Debugging mode & logging

See exactly whats going on in your pipeline with debugging mode and log streaming

Knowing what when wrong with your Pipeline when it fails is necessary to know how to fix it. Debugging mode allows you to get verbose information about your pipelines when they execute remotely.

When debugging mode is used:

  • When triggering a remote run with run_pipeline
  • Coming soon when creating a new environment with create_environment

You can activate debugging mode by adding the following code at the top of your scripts:

from pipeline.configuration import current_configuration


current_configuration.set_debug_mode(True)

📘

Make sure you're logged in

More info on this in the Getting Started guide!

Run example

Whats shown from run_pipeline:

  • The current state of the run, along with any updates
  • Run outputs
  • Run ID
  • Run logs
  • Run errors

To test the debugging out, lets create a basic pipeline that prints some things out, and has a basic progress bar with tqdm. You can find the source code for the below example here on our Github.

import time

from tqdm import tqdm

from pipeline import Pipeline, Variable, pipe
from pipeline.cloud.compute_requirements import Accelerator
from pipeline.cloud.environments import create_environment
from pipeline.cloud.pipelines import run_pipeline, upload_pipeline
from pipeline.configuration import current_configuration

# Activate debugging mode
current_configuration.set_debug_mode(True)


@pipe
def test(i: int) -> str:
    for i in tqdm(range(i)):
        time.sleep(0.5)
    print("I'm done now, goodbye!")
    return "Done"


with Pipeline() as builder:
    input_var = Variable(
        int,
        gt=0,
        lt=20,
    )

    b = test(input_var)

    builder.output(b)

pl = builder.get_pipeline()

# Create a basic environment with tqdm installed
env_id = create_environment(
    name="basic",
    python_requirements=[
        "tqdm",
    ],
    allow_existing=True,
)

# Upload our pipeline
result = upload_pipeline(
    pl,
    "debugging-pipeline:latest",
    environment_id_or_name="basic",
    accelerators=[
        Accelerator.cpu,
    ],
)

# Run the pipeline remotely
output = run_pipeline(
    result.id,
    5,
)

When we run this we'll see the following happen:

How it works

When performing a run with debugging mode the async_run field set to True and all runs are submitted in a non-blocking way.

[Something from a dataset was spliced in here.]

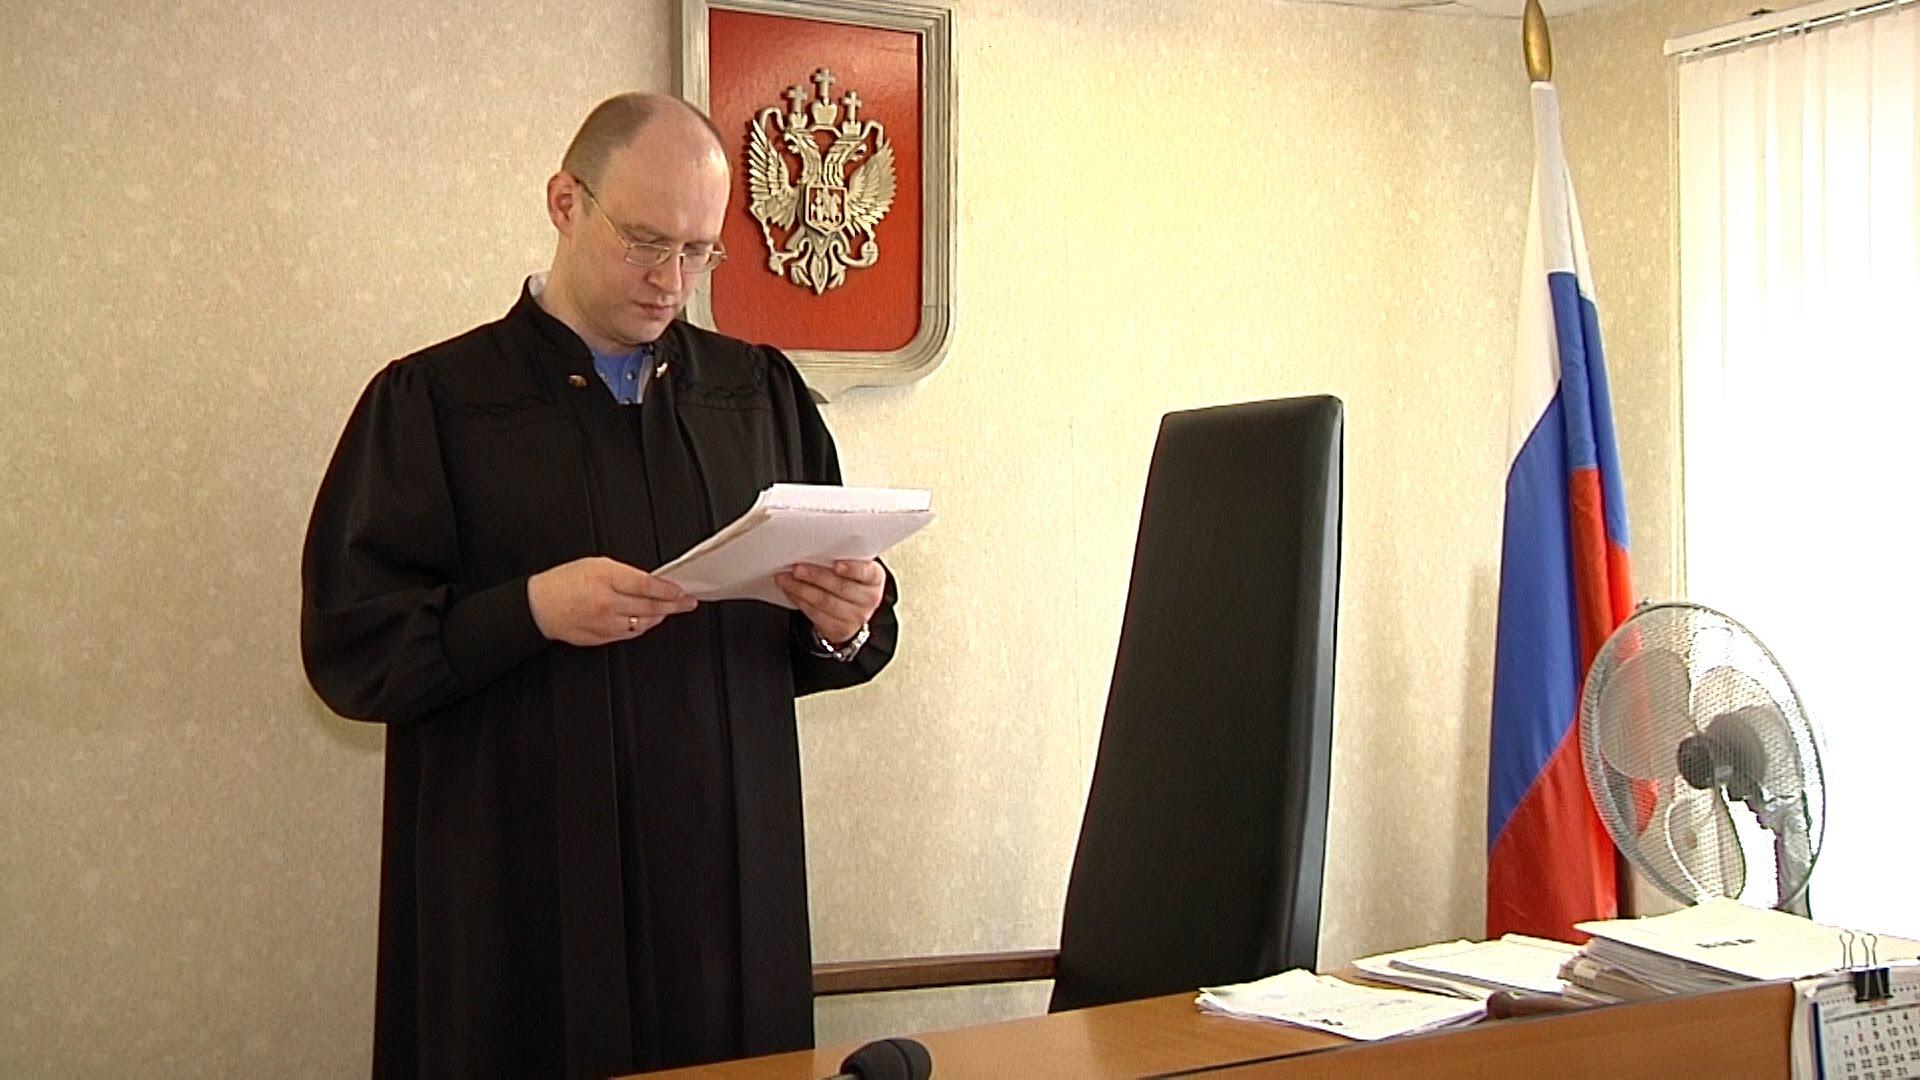 Жалоба на мирового судью в прокуратуру

This means that a run API request is sent to the /v3/runs endpoint with async_run=True and the API immediately responds with the run_id without waiting for the run to be completed. The python SDK then polls the state of that run until it is completed while opening up a websocket to the logs endpoint to stream all logs back.

Historical run logs

It is possible to view historical logs of runs via the CLI. This will also be coming to the Catalyst dashboard soon, but currently is only available on the CLI.

To view a runs logs simple enter:

pipeline logs run <run_id>

🚧

You can only view logs from a run in the past hour

This will soon be increased to the past 7 days!